Step 1: Understanding the Concept:
The distance between the foci of a hyperbola is given by \(2ae\).
The foci are given as \(S_1(3, 5)\) and \(S_2(3, -4)\). Since the \(x\)-coordinates are the same, the transverse axis is vertical.

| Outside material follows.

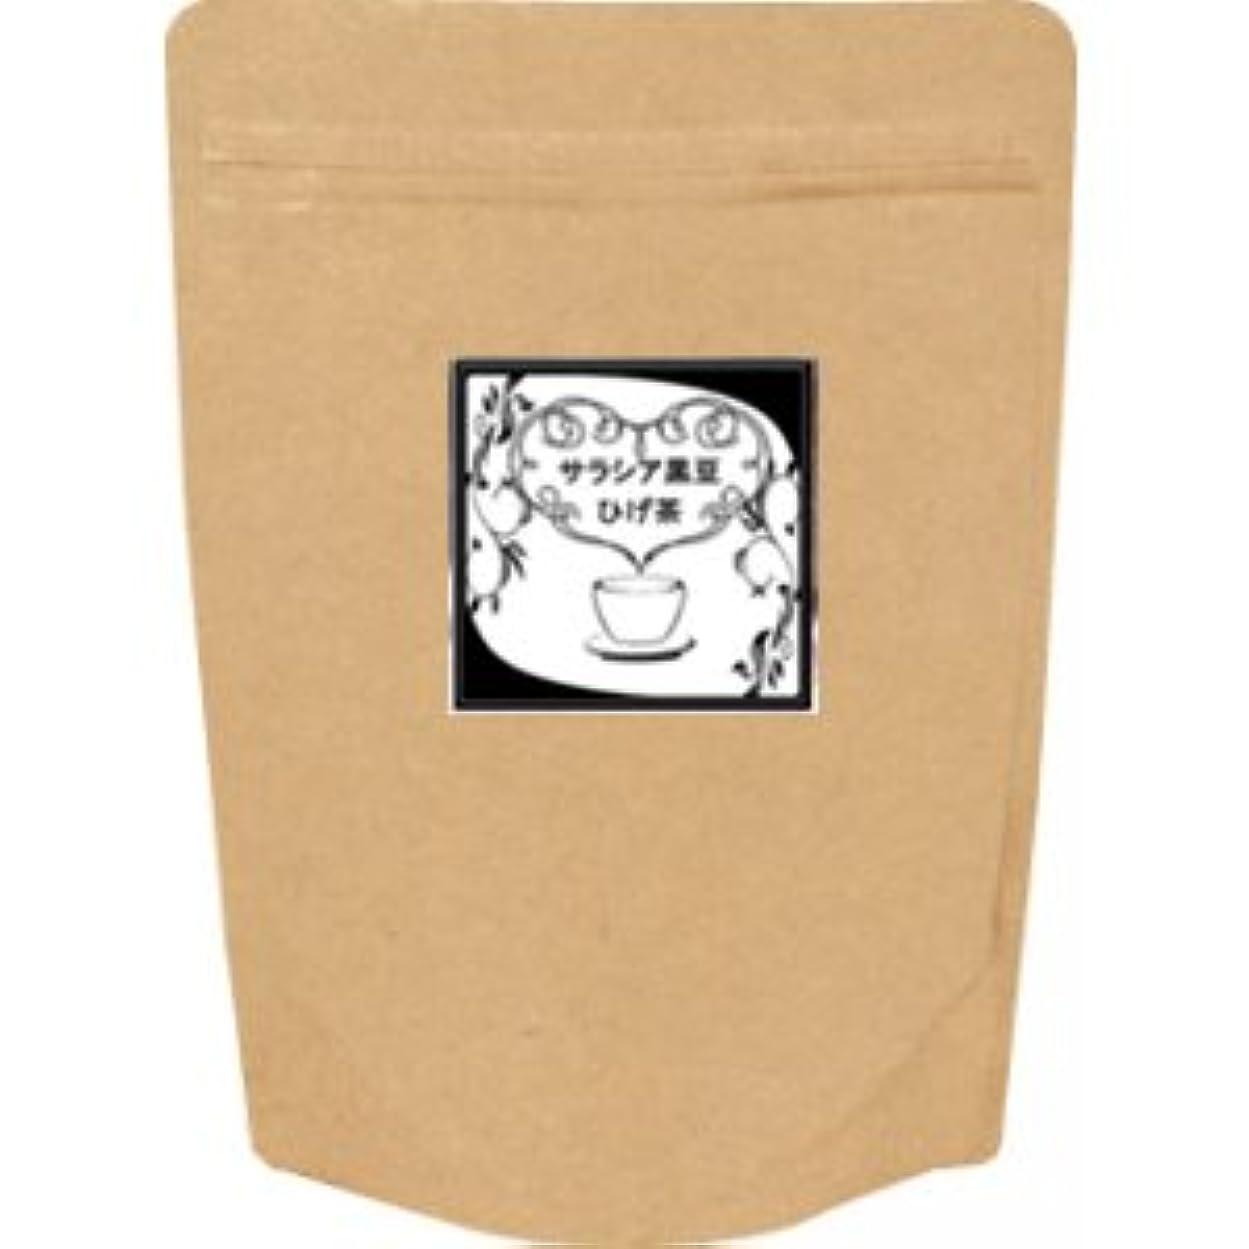 誠実さ出くわすシリアル【抗糖花】サラシア黒豆ひげ茶(お徳用ティーバッグ100ヶ)

Step 2: Key Formula or Approach:
Distance \(S_1S_2 = |5 - (-4)| = 9\).
So, \(2ae = 9\).
We are given the quadratic equation for eccentricity \(e\):
\[ 3e^2 - 11e + 6 = 0 \]
\[ 3e^2 - 9e - 2e + 6 = 0 \]
\[ 3e(e - 3) - 2(e - 3) = 0 \Rightarrow (3e - 2)(e - 3) = 0 \]
Since \(e>1\) for a hyperbola, we take \(e = 3\) (rejecting \(e = 2/3\)).
Step 3: Detailed Explanation:
Substitute \(e = 3\) into \(2ae = 9\):
\[ 2a(3) = 9 \Rightarrow 6a = 9 \Rightarrow a = \frac{3}{2} \]
For a hyperbola, \(b^2 = a^2(e^2 - 1)\).
\[ b^2 = \left(\frac{3}{2}\right)^2 (3^2 - 1) = \frac{9}{4} \times 8 = 18 \]
The length of the Latus Rectum (LR) is given by \(\frac{2b^2}{a}\):
\[ \text{LR} = \frac{2(18)}{3/2} = \frac{36 \times 2}{3} = 12 \times 2 = 24 \]
Step 4: Final Answer:
The length of the latus rectum is 24.